The extremely rapid timeline to produce the first doses of vaccine using Stabilitech’s technology is another factor making it an ideal fit for the present outbreak. If all steps proceed uninterrupted, the first batch of vaccine could be released within 12 weeks from having the nucleic acid construct for the antigen.

Benefits of OraPro-COVID-19 vaccine

  • Enhanced immunity – As orally delivered adenovirus infects the cells of intestinal lumen, a mucosal surface, it is highly likely that a mucosal response is elicited. This would have tremendous advantages to respiratory infections, as the SIgA within bronchi and alveoli would be primed against the antigen.
  • Speed to last dose – OraPro utilises well known adenoviral vector technology to generate its vaccine active product. Proprietary formulations are then added to provide thermal robustness and the doses are prepared. We estimate that with an uninterrupted vaccine production campaign, approximately 1 million doses could be produced from a small scale CRO approximately 12 weeks from obtaining the antigen coding nucleic acid.
  • Speed of patient adoption – Oral vaccination means a capsule can be provided directly to the patient.
  • Reduced chance of transmission – capsules enable patients to self-administer the vaccine, which removes the need to meet with a healthcare professional in person. This reduces the risk of spreading the virus.
  • Regulatory – adenovirus has been administered orally to millions of people and is generally considered safe. From a regulatory perspective, it may be that this will shorten the pathway to marketing approval.
  • Significant cost savings:
    • No healthcare professional cost – eliminating the need for a healthcare professional to administer the vaccine dramatically reduces costs. Additionally, it removes the risk of needle stick injury.
    • Simplified distribution logistics – thermally stable vaccine reduces the cost of distribution by removing the need for temperature-controlled logistics.
    • Thermally stability – 50% of vaccines are wasted each year due to temperature excursions, which amounts to around 151 million doses. This is particularly a challenge for developing countries, however an audit conducted in the US by the Office of the Inspector General for the Vaccines for Children Program (VFC) discovered that improper temperature storage of vaccines is also a problem for the industrialised world. During the two-week study period, 76% of the healthcare providers that were audited exposed their vaccines to inappropriate temperatures for at least five cumulative hours.
    • Low production costs – we have estimated that the cost per finished dose once in full production will be in the region of < $0.25.

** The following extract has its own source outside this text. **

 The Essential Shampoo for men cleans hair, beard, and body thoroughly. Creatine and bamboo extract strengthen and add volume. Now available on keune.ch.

Proof of concept exists with Stabilitech’s OraPro-Zika vaccine

Proof of the approach has already been completed with the development of an oral vaccine for Zika, OraPro-Zika, funded by the UK Department of Health through Innovate UK. OraPro-Zika has been shown to elicit protective efficacy in both mice and non-human primates to direct challenge the wild type Zika virus. The vaccine delivers a payload of zika antigen expressing DNA to the cells of the intestinal lumen, whereupon the protective antigenic protein is expressed and subsequent immune response elicited.

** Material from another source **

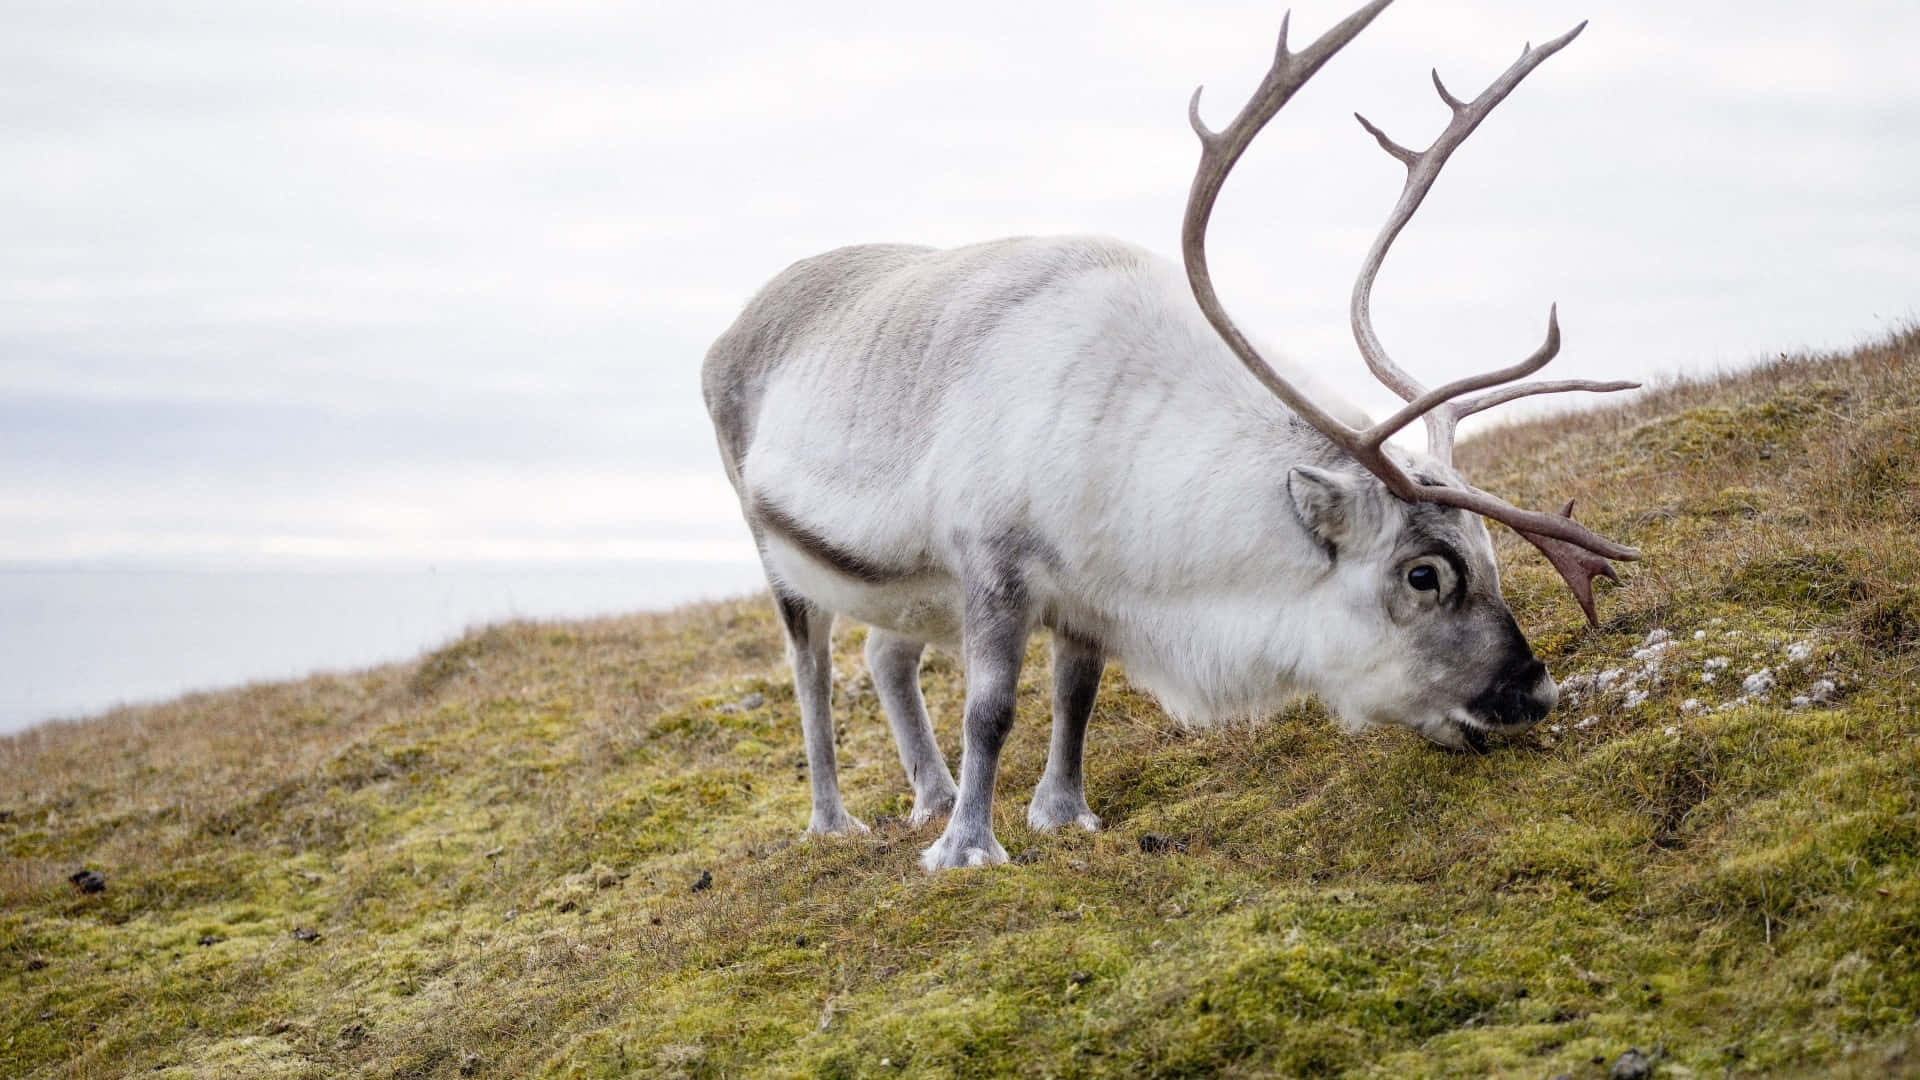 A reindeer grazing in a vibrant meadow.

Non-human primate challenge

OraPro-Zika was manufactured in the UK and shipped (without a cold-chain) to Brazil for pre-clinical testing in non-human primates.
Subjects were tested and confirmed Zika negative prior to commencing the programme (pre-OraPro-Zika vaccine). 21 days after vaccination (or placebo), an aggressive live Zika challenge was administered intravenously and the subsequent Zika infection was recorded (post-ZIKV exposure).

The “post-ZIKV exposure” results clearly show that the immunity gained from OraPro-Zika appears as effective at halting a Zika virus infection as the natural immunity of subjects who have previously been infected with a whole Zika virus.


The GMP process will follow the same path as our Zika vaccine. The viral vector will then be fill/finished into capsules ready for administration.